【leetcode 两个链表的交集点】Intersection of Two Linked Lists

Intersection of Two Linked Lists

 

1、题目

Write a program to find the node at which the intersection of two singly linked lists begins.


For example, the following two linked lists:

A:          a1 → a2
                   ↘
                     c1 → c2 → c3
                   ↗            
B:     b1 → b2 → b3

begin to intersect at node c1.


Notes:

  • If the two linked lists have no intersection at all, return null.
  • The linked lists must retain their original structure after the function returns.
  • You may assume there are no cycles anywhere in the entire linked structure.
  • Your code should preferably run in O(n) time and use only O(1) memory.

2、分析

题目大意:给两个链表,找出它们交集的那个节点,要求时间复杂度O(n),空间复杂度O(1)。

有以下几种思路:
(1)暴力破解,遍历链表A的所有节点,并且对于每个节点,都与链表B中的所有节点比较,退出条件是在B中找到第一个相等的节点。时间复杂度O(lengthA*lengthB),空间复杂度O(1)。

(2)哈希表。遍历链表A,并且将节点存储到哈希表中。接着遍历链表B,对于B中的每个节点,查找哈希表,如果在哈希表中找到了,说明是交集开始的那个节点。时间复杂度O(lengthA+lengthB),空间复杂度O(lengthA)或O(lengthB)。

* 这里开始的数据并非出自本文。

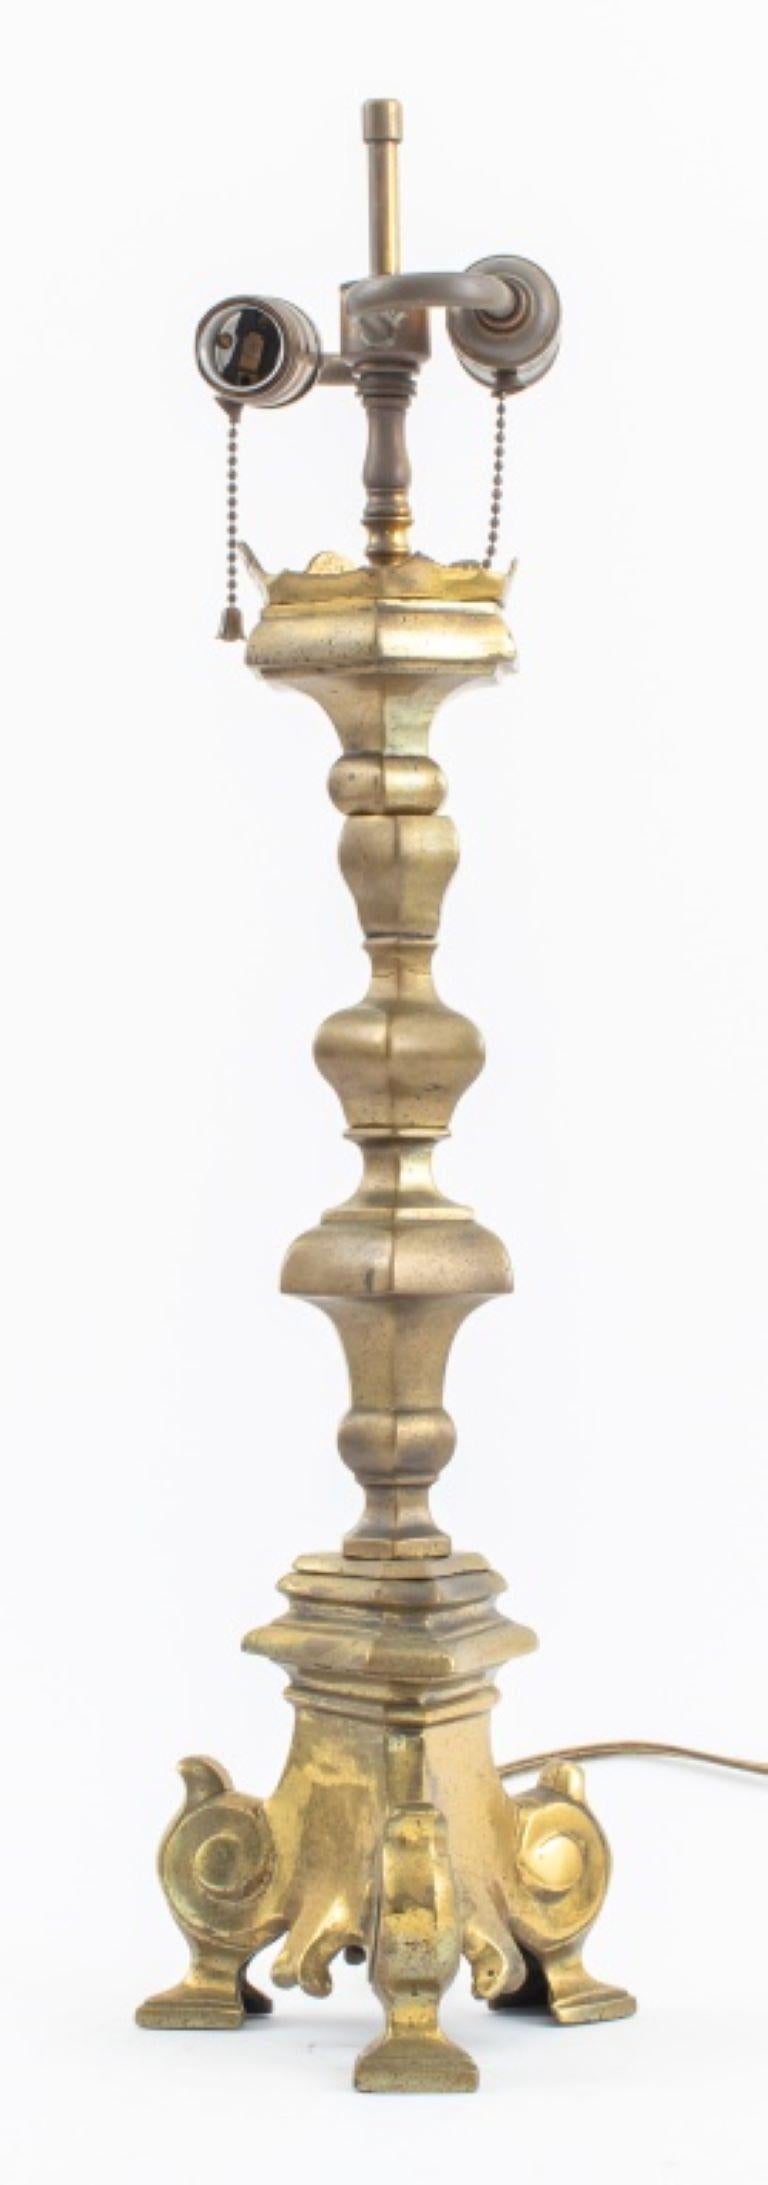 Polished brass church candle stick with triangular base and three legs mounted as a lamp.

Dealer: S138XX

(3)双指针法,指针pa、pb分别指向链表A和B的首节点。
遍历链表A,记录其长度lengthA,遍历链表B,记录其长度lengthB。
因为两个链表的长度可能不相同,比如题目所给的case,lengthA=5,lengthB=6,则作差得到lengthB-lengthA=1,将指针pb从链表B的首节点开始走1步,即指向了第二个节点,pa指向链表A首节点,然后它们同时走,每次都走一步,当它们相等时,就是交集的节点。
时间复杂度O(lengthA+lengthB),空间复杂度O(1)。双指针法的代码如下:

3、代码

 ListNode *getIntersectionNode(ListNode *headA, ListNode *headB) {
        ListNode *pa=headA,*pb=headB;
        int lengthA=0,lengthB=0;
        while(pa) {pa=pa->next;lengthA++;}
        while(pb) {pb=pb->next;lengthB++;}
        if(lengthA<=lengthB){
            int n=lengthB-lengthA;
            pa=headA;pb=headB;
            while(n) {pb=pb->next;n--;}
        }else{
            int n=lengthA-lengthB;
            pa=headA;pb=headB;
            while(n) {pa=pa->next;n--;}
        }
        while(pa!=pb){
            pa=pa->next;
            pb=pb->next;
        }
        return pa;
    }


4、题目作者的解答(英文)

作者双指针法花费的时间比我的方法更少

There are many solutions to this problem:

  • Brute-force solution (O(mn) running time, O(1) memory):

    For each node ai in list A, traverse the entire list B and check if any node in list B coincides with ai.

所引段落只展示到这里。